Год за год — страница 12 из 37


12 июля, суббота, 22 часа 40 минут. Поленово.

Дела давно минувших дней… А как свежо отзывается почему-то в сердце (письмо Эрнестины Тютчевой — сыну): “Я не могу быть такой расточительной, как г-н Баратынский, который скупил все издания стихов своего отца. <…>. Аксаков думает, что мое издание, которое будет более дорогим и не рассчитанным на всех, может появиться всего лишь в 600 экземплярах, тогда как бартеневское задумано в 2400 экземплярах. Ты понимаешь, что это для меня невыгодно, чтобы одновременно с моим изданием в Москве появилось дешевое издание…” (ноябрь 1885).

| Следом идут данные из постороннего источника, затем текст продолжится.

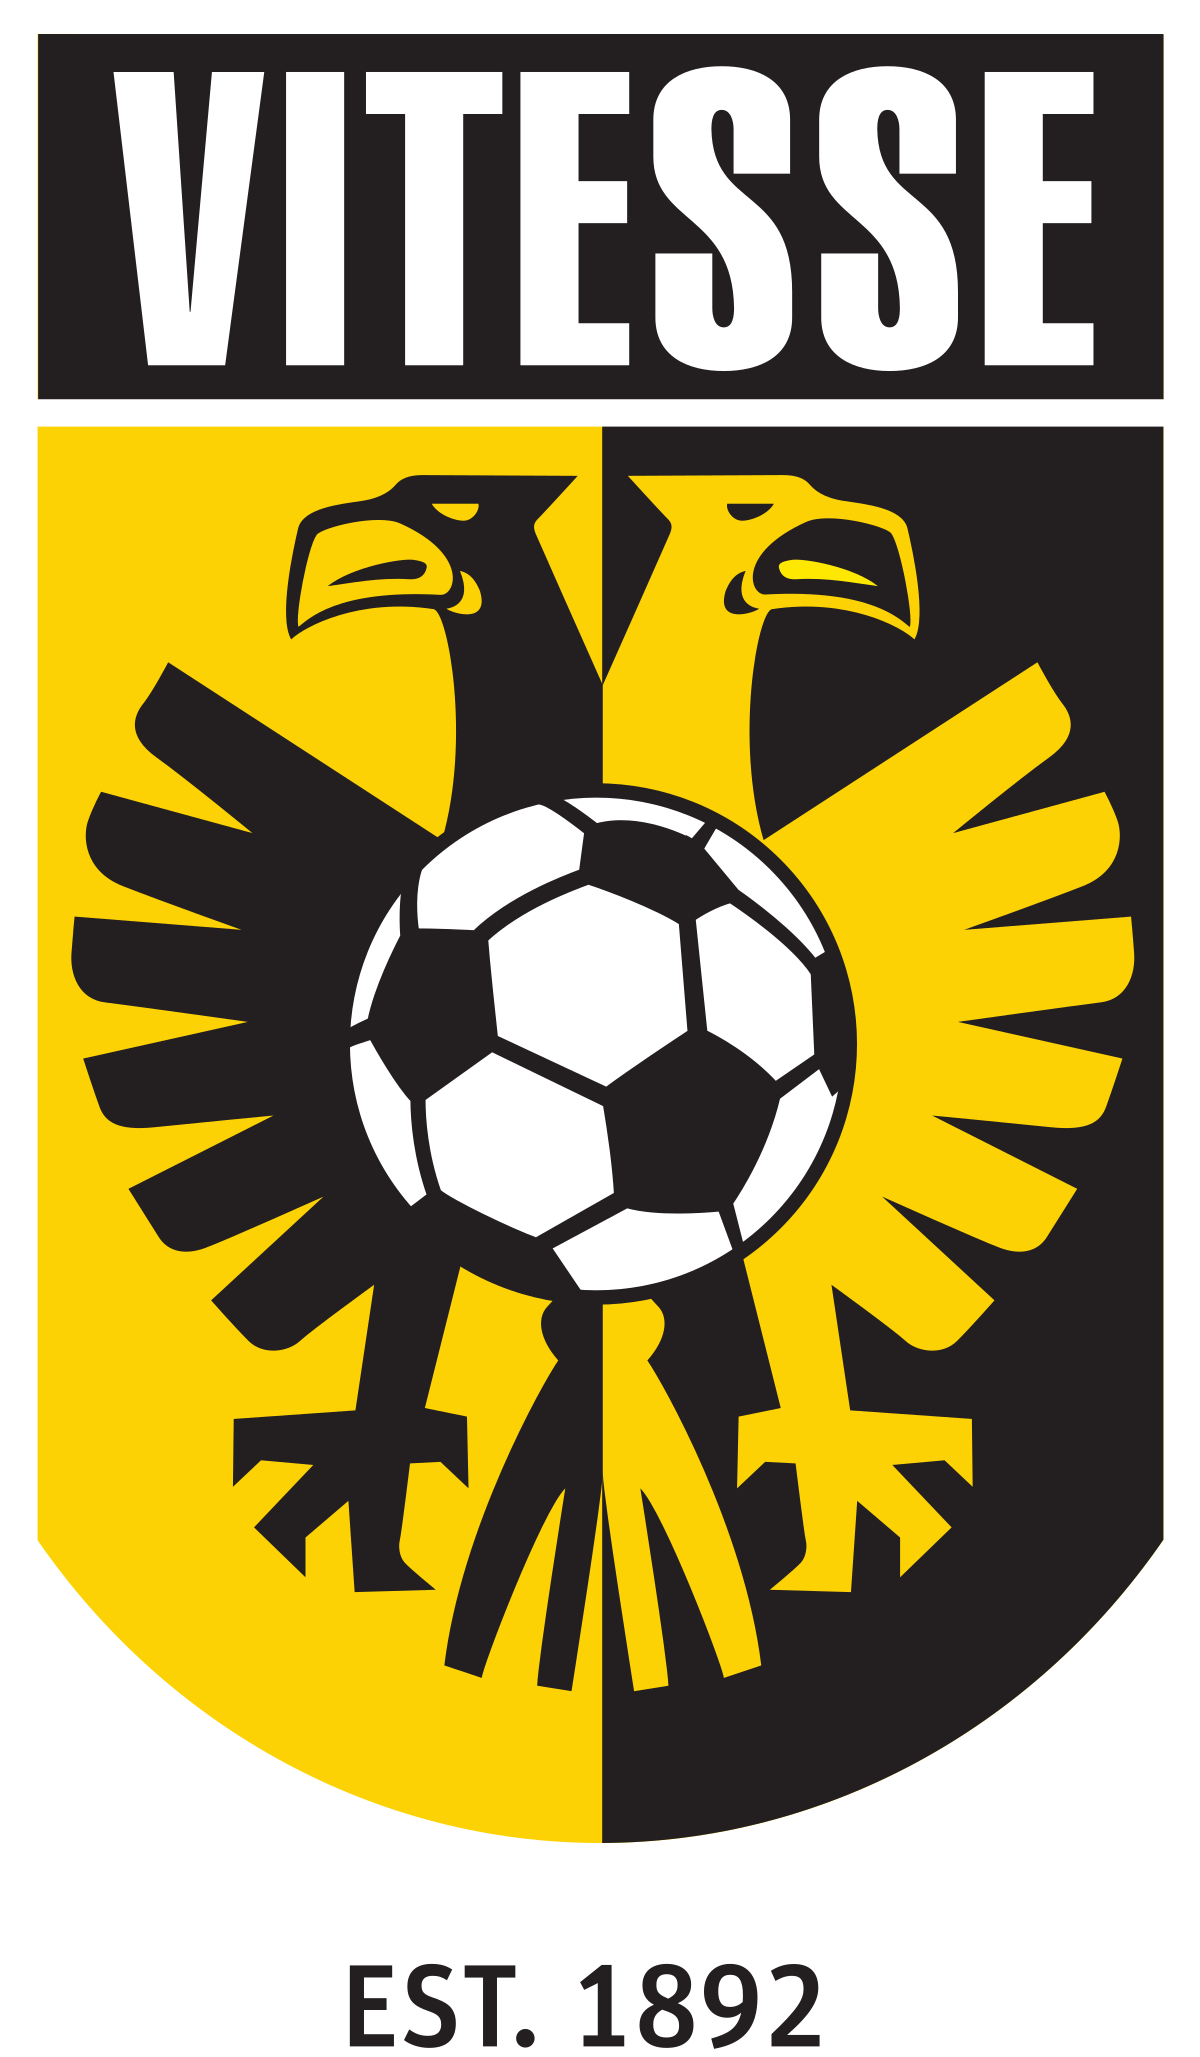 BV Vitesse
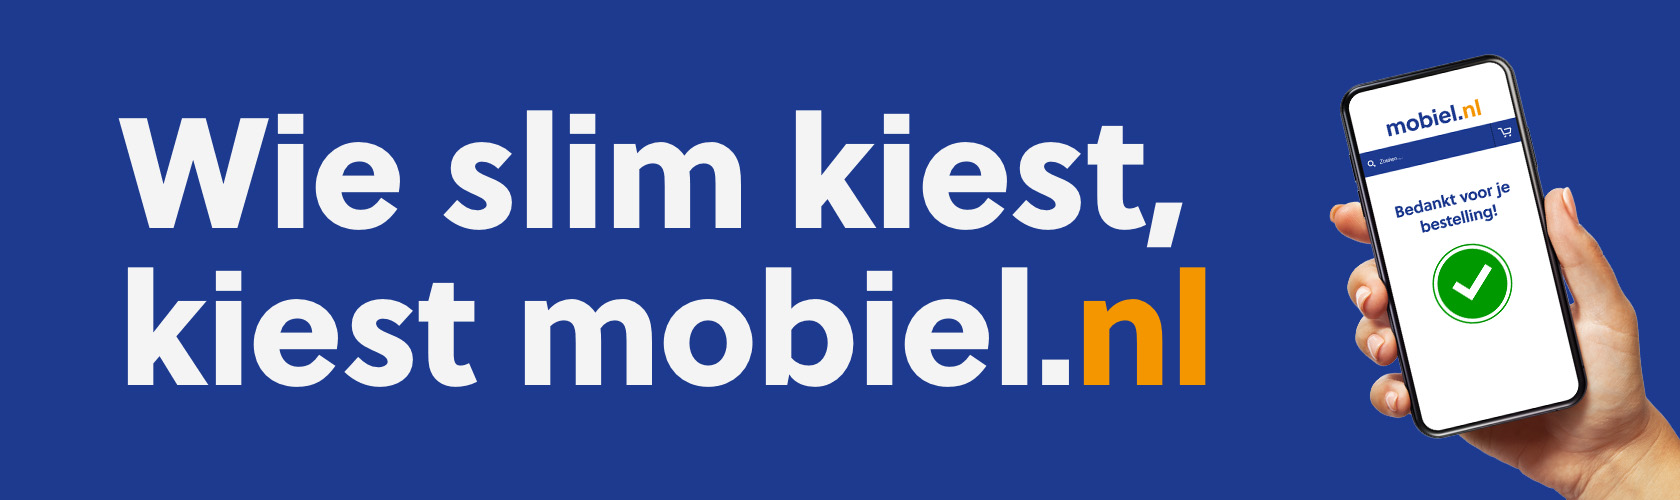 Mobiel.nl - telefoons en mobiele abonnementen

Современные “тинейджеры”; Вася: “Вы все время с книгой — что-то зубрите…” Для них книга — не радостное событие, а вроде повинности, что-то связанное не с удовольствием, а с зубрежкой.


13 июля, 630.

Выгуливал к Оке Вилю. В такое утро и впрямь хочется сказать, что встает не солнце — а солнышко. И наполнено окружающее стрекотом, цокотом, щебетаньем. И не Россия — Расеюшка.


Плавали на кораблике к Найману (под Алексин). Дом на горе с хорошим видом, но дорога вверх всегда сырая и рыхлая — из-за ключей.


14 июля, понедельник, утро, Поленово.

“81/2”, кажется, начинается с того, что Мастрояни застрял в пробке — сходит с ума и улетает через крышу. У нас, конечно, тогда никто и понять еще не мог, что это такое — пробка, что она станет одной из составляющих современной жизни. Теперь в Москве только и разговоров: пробки, пробки и пробки.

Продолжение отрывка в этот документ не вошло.